A lunar calendar is therefore a calendar that uses lunar cycles (in days) as its unit of time.
The Muslim calendar is an example of a lunar calendar.
Solar calendar
If you are not Muslim yourself, ask Muslim friends whether Ramadan fasting always falls in the same season. The answer will be no.
It would be useful to find a time unit that keeps warm, rainy and cold seasons in the same place. With even more patience than for Moon observation, we notice that seasons are linked to the shadow cast by a stick planted in the ground. And what creates that shadow? The Sun.
In its apparent motion around the Earth (while in fact the Earth revolves around it - I did tell you to read the astronomy page), there is a position of the Sun in the sky for which the stick's shadow is shortest.
We then take the interval between two identical solar positions in the same season (for example, the spring equinox) to define our time unit: the tropical year. On average, it is 365.24221935 days. We call this unit a year and may divide it into arbitrary subdivisions (say... 12). We have just invented a solar calendar.
A solar calendar is therefore a calendar that uses solar cycles (in days) as its unit of time.
The Gregorian calendar (the one we use in France) is an example of a solar calendar.
The hardest part is making sure that the average number of days over several years matches the mean tropical year. The fewer years needed to reach that average value, the better the calendar.
Lunisolar calendar
An obvious question follows: why not try to reconcile both types and account for both lunar and solar cycles?
That is exactly the aim of lunisolar calendars. The main difficulty is reconciling the two cycles, because 12 lunar months are far from matching the length of a solar year. So from time to time, a lunar month must be added to a solar year to stop the two from drifting apart.
A lunisolar calendar is therefore a calendar that uses both lunar and solar cycles (in days) as units of time.
The Hebrew calendar is an example of a lunisolar calendar.
Other possible types
Wandering calendar
What happens if a solar calendar is “built wrong”, whether intentionally or not? For example, if you only use 365-day years and never make longer years from time to time to approach an average year of 365.25 days?
What happens is similar to what happens in lunar calendars: gradually, the calendar drifts over time, so supposedly fixed festivals move through the seasons. Christmas, for instance, first celebrated in winter, would later occur in spring, then in summer...
Because of this drift, such calendars are called wandering calendars.

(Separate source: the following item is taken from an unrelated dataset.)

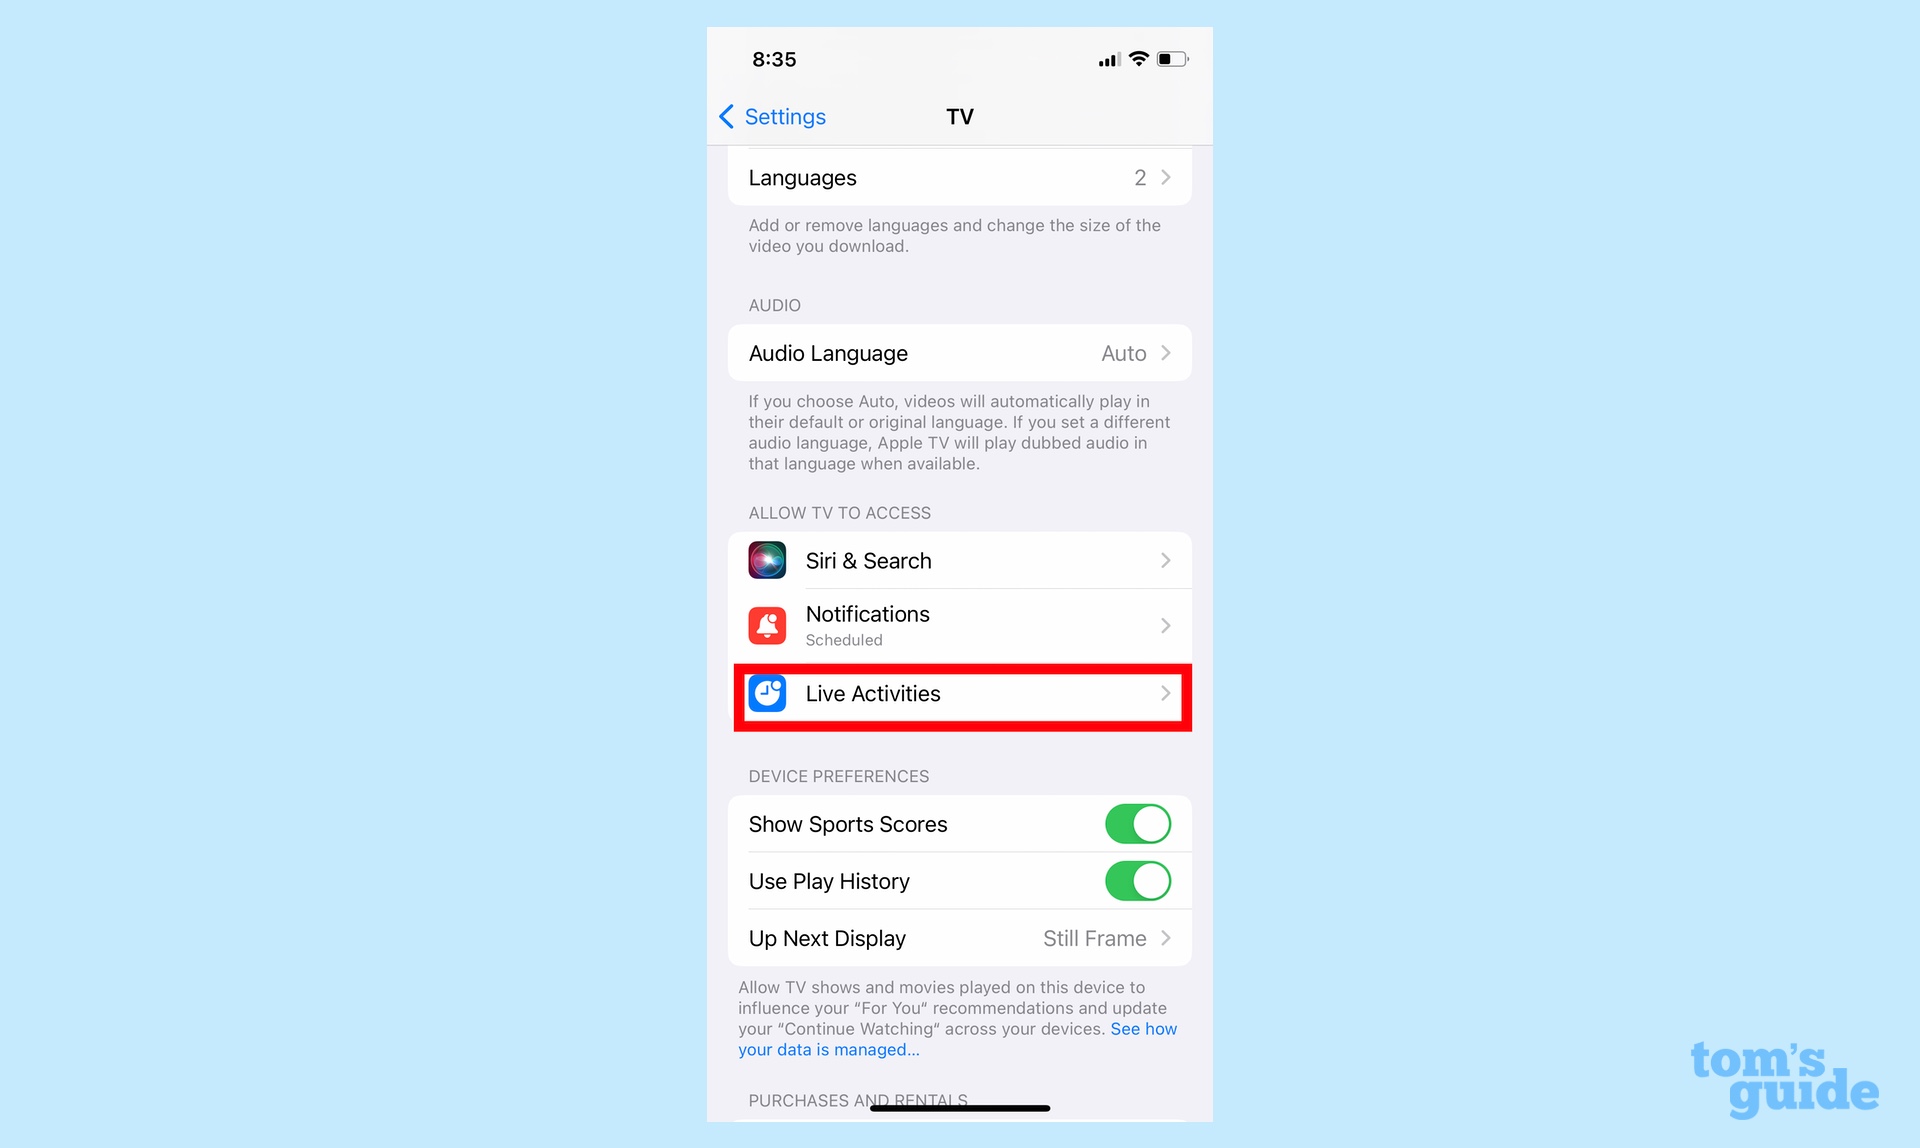 To adjust the frequency, select Live Activities in the app settings

The ancient Egyptian calendar is an example of a wandering calendar.
Horizon calendar
For some peoples or civilizations without writing, one way to orient themselves in time is to know that the Sun rises or sets at a given point on the horizon according to the day of the year. This observation-based “calendar” is called a horizon calendar.
The Hopi calendar is an example of a horizon calendar.
Conclusion
The Sun and the Moon are the two celestial bodies that underpin most calendars.
Because it is the easiest to establish, the lunar calendar is the one we most often find among ancient calendars.
The solar calendar, because it requires astronomy notions (equinoxes, solstices...), often appears later, and its accurate development is much more delicate. It still preserves traces of older lunar calendars, such as the number of months, even if those months no longer correspond to the lunar month as a time unit.
And now we can set off to discover calendars from here and elsewhere, present-day and ancient.